Your task – Your task is to write out all of the records once more, exactly.

Material for the task –
BEGIN
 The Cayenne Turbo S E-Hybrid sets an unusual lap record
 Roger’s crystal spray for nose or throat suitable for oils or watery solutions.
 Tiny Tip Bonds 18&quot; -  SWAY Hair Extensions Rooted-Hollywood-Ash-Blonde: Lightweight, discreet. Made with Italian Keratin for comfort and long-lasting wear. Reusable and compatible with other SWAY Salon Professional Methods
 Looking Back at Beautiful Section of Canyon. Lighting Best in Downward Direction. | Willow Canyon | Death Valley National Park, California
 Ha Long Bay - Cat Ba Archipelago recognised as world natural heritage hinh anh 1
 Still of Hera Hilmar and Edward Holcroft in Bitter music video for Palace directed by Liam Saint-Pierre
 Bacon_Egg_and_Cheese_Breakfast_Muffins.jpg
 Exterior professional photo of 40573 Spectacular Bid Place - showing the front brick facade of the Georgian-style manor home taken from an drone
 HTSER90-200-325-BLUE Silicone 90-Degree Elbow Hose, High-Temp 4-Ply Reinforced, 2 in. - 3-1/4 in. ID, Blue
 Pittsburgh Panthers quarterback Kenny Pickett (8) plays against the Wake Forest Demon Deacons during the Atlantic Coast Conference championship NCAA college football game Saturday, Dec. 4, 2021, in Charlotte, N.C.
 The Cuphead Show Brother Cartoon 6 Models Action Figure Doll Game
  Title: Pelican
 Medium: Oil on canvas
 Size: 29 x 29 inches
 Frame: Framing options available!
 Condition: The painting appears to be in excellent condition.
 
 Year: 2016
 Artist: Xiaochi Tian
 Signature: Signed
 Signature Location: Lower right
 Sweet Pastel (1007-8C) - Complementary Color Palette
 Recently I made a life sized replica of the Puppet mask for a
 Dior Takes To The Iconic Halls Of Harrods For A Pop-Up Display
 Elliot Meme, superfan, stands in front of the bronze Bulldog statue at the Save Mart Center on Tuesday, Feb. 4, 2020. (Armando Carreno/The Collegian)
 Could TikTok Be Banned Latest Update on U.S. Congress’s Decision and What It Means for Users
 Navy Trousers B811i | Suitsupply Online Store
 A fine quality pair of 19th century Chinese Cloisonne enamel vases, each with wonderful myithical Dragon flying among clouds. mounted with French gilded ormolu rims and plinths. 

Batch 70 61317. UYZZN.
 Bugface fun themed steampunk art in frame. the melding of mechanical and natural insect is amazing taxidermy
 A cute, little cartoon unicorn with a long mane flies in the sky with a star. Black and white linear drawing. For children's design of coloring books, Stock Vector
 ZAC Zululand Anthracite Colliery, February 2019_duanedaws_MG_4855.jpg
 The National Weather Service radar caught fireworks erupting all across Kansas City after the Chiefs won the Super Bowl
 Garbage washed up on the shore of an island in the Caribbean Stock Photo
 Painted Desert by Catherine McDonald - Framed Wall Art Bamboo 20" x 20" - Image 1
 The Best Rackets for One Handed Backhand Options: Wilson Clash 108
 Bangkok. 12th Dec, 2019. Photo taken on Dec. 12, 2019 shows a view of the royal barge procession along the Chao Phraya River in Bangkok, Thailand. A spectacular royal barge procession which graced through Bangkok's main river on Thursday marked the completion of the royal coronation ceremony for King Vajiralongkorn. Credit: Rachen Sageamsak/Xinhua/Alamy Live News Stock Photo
END
Exercise output –
 The Cayenne Turbo S E-Hybrid sets an unusual lap record
 Roger’s crystal spray for nose or throat suitable for oils or watery solutions.
 Tiny Tip Bonds 18&quot; -  SWAY Hair Extensions Rooted-Hollywood-Ash-Blonde: Lightweight, discreet. Made with Italian Keratin for comfort and long-lasting wear. Reusable and compatible with other SWAY Salon Professional Methods
 Looking Back at Beautiful Section of Canyon. Lighting Best in Downward Direction. | Willow Canyon | Death Valley National Park, California
 Ha Long Bay - Cat Ba Archipelago recognised as world natural heritage hinh anh 1
 Still of Hera Hilmar and Edward Holcroft in Bitter music video for Palace directed by Liam Saint-Pierre
 Bacon_Egg_and_Cheese_Breakfast_Muffins.jpg
 Exterior professional photo of 40573 Spectacular Bid Place - showing the front brick facade of the Georgian-style manor home taken from an drone
 HTSER90-200-325-BLUE Silicone 90-Degree Elbow Hose, High-Temp 4-Ply Reinforced, 2 in. - 3-1/4 in. ID, Blue
 Pittsburgh Panthers quarterback Kenny Pickett (8) plays against the Wake Forest Demon Deacons during the Atlantic Coast Conference championship NCAA college football game Saturday, Dec. 4, 2021, in Charlotte, N.C.
 The Cuphead Show Brother Cartoon 6 Models Action Figure Doll Game
  Title: Pelican
 Medium: Oil on canvas
 Size: 29 x 29 inches
 Frame: Framing options available!
 Condition: The painting appears to be in excellent condition.
 
 Year: 2016
 Artist: Xiaochi Tian
 Signature: Signed
 Signature Location: Lower right
 Sweet Pastel (1007-8C) - Complementary Color Palette
 Recently I made a life sized replica of the Puppet mask for a
 Dior Takes To The Iconic Halls Of Harrods For A Pop-Up Display
 Elliot Meme, superfan, stands in front of the bronze Bulldog statue at the Save Mart Center on Tuesday, Feb. 4, 2020. (Armando Carreno/The Collegian)
 Could TikTok Be Banned Latest Update on U.S. Congress’s Decision and What It Means for Users
 Navy Trousers B811i | Suitsupply Online Store
 A fine quality pair of 19th century Chinese Cloisonne enamel vases, each with wonderful myithical Dragon flying among clouds. mounted with French gilded ormolu rims and plinths. 

Batch 70 61317. UYZZN.
 Bugface fun themed steampunk art in frame. the melding of mechanical and natural insect is amazing taxidermy
 A cute, little cartoon unicorn with a long mane flies in the sky with a star. Black and white linear drawing. For children's design of coloring books, Stock Vector
 ZAC Zululand Anthracite Colliery, February 2019_duanedaws_MG_4855.jpg
 The National Weather Service radar caught fireworks erupting all across Kansas City after the Chiefs won the Super Bowl
 Garbage washed up on the shore of an island in the Caribbean Stock Photo
 Painted Desert by Catherine McDonald - Framed Wall Art Bamboo 20" x 20" - Image 1
 The Best Rackets for One Handed Backhand Options: Wilson Clash 108
 Bangkok. 12th Dec, 2019. Photo taken on Dec. 12, 2019 shows a view of the royal barge procession along the Chao Phraya River in Bangkok, Thailand. A spectacular royal barge procession which graced through Bangkok's main river on Thursday marked the completion of the royal coronation ceremony for King Vajiralongkorn. Credit: Rachen Sageamsak/Xinhua/Alamy Live News Stock Photo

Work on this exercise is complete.